## DIRECTIONS
Copy nothing but the lines running from the one containing "Katja mix van 4 fruitsmaken" through the end of the listing below. Drop the pictures.

## DATASET EXTRACT
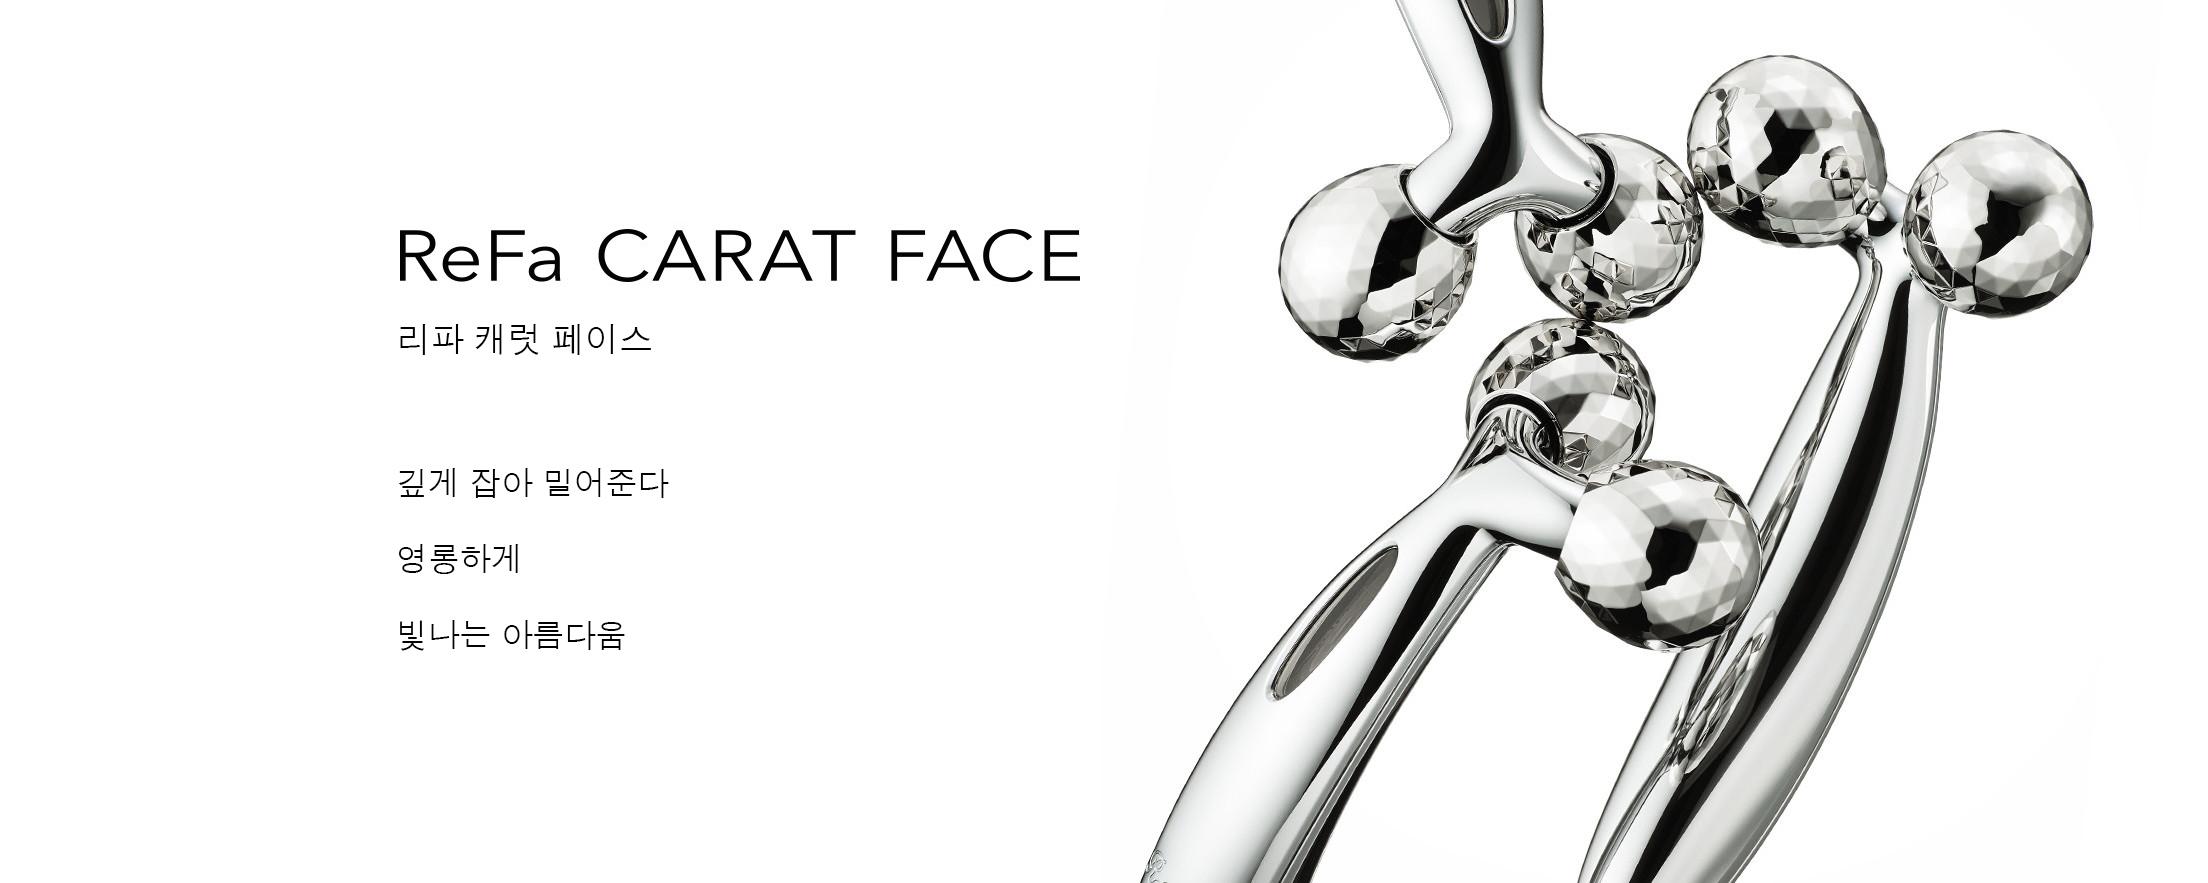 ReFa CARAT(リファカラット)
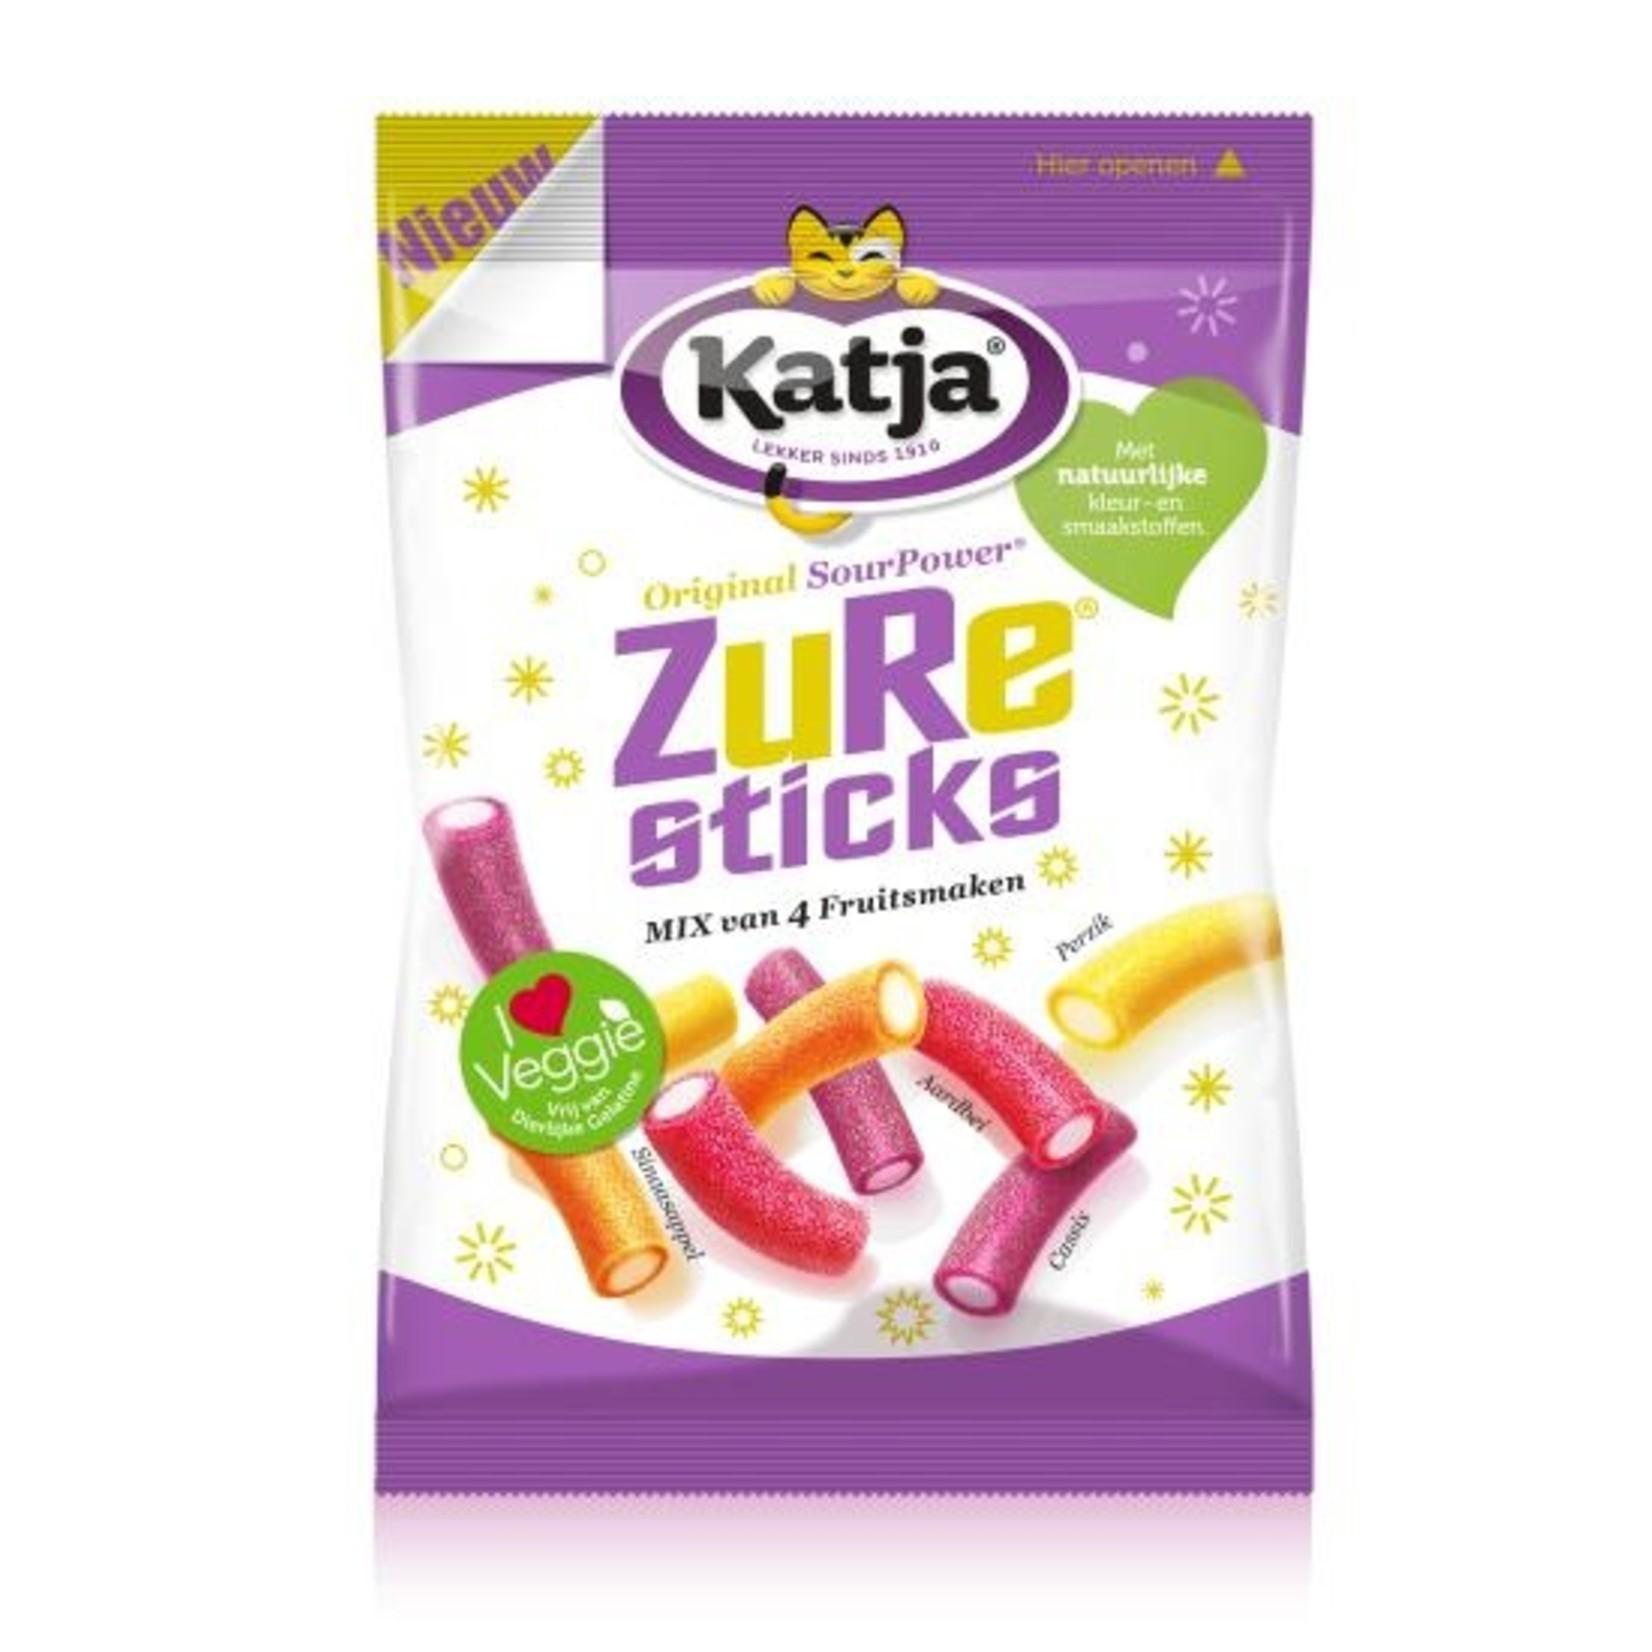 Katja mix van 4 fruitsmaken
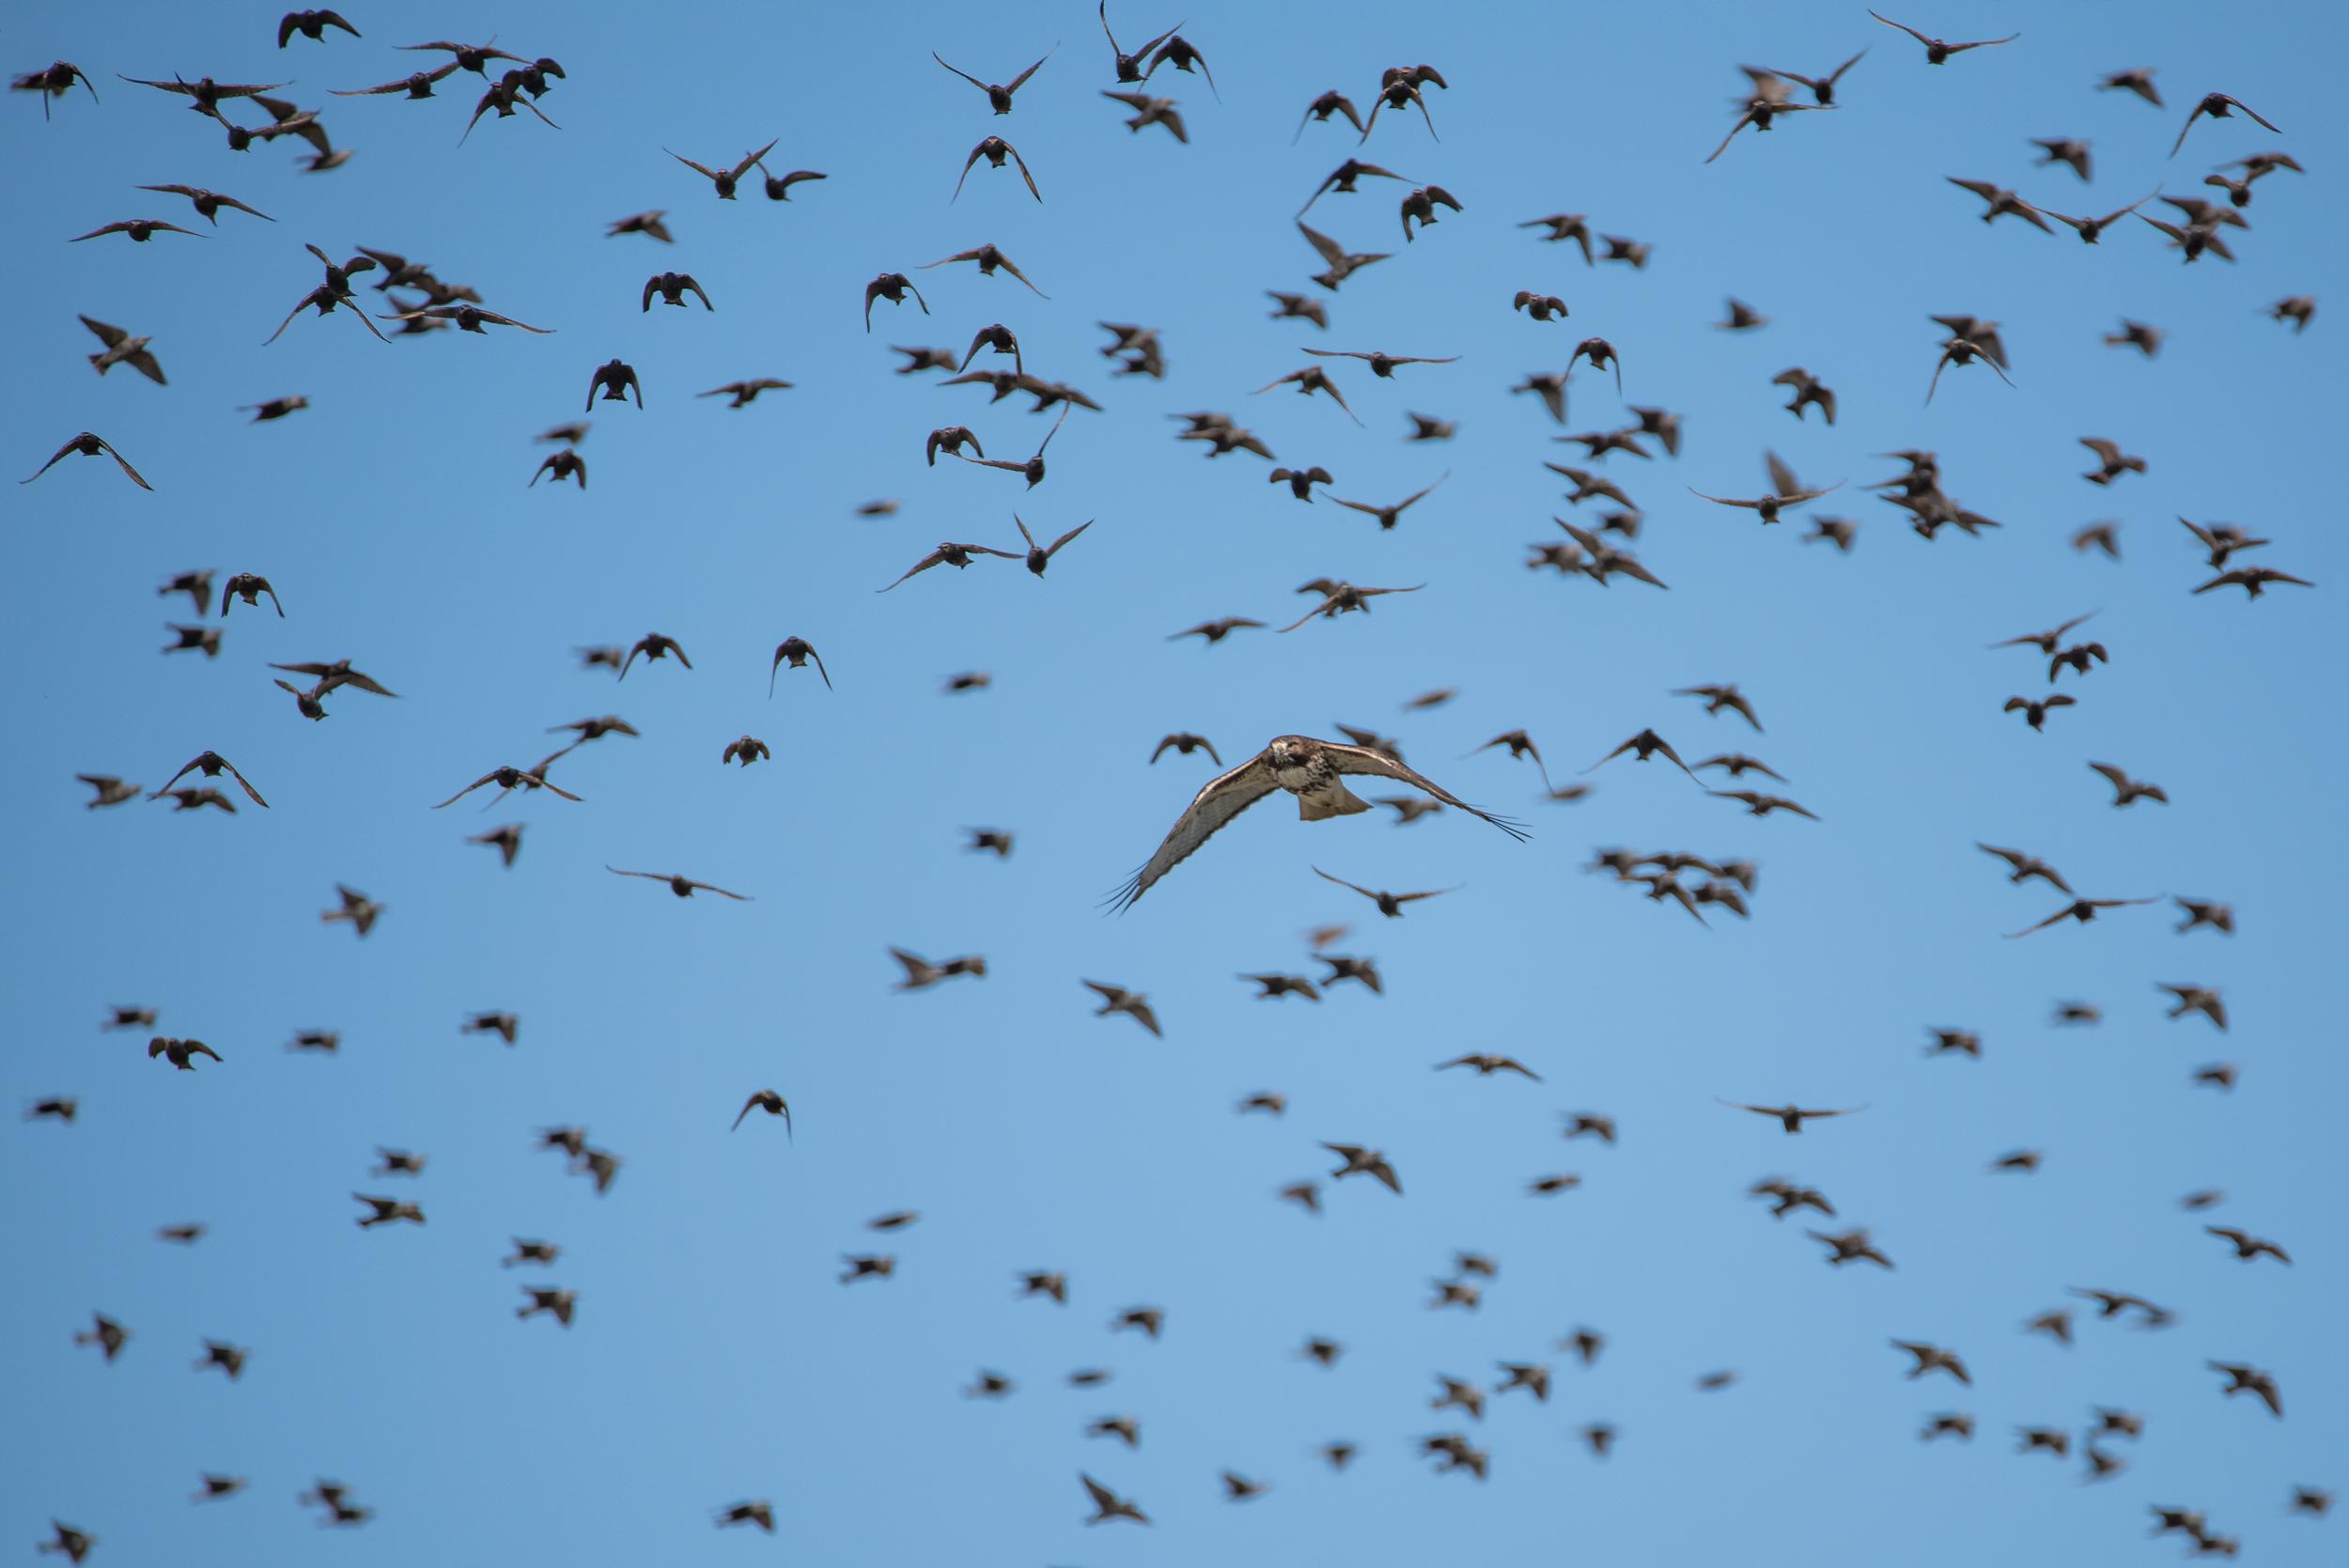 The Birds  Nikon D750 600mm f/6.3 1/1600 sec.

## WRITTEN ANSWER
 Katja mix van 4 fruitsmaken
 The Birds  Nikon D750 600mm f/6.3 1/1600 sec.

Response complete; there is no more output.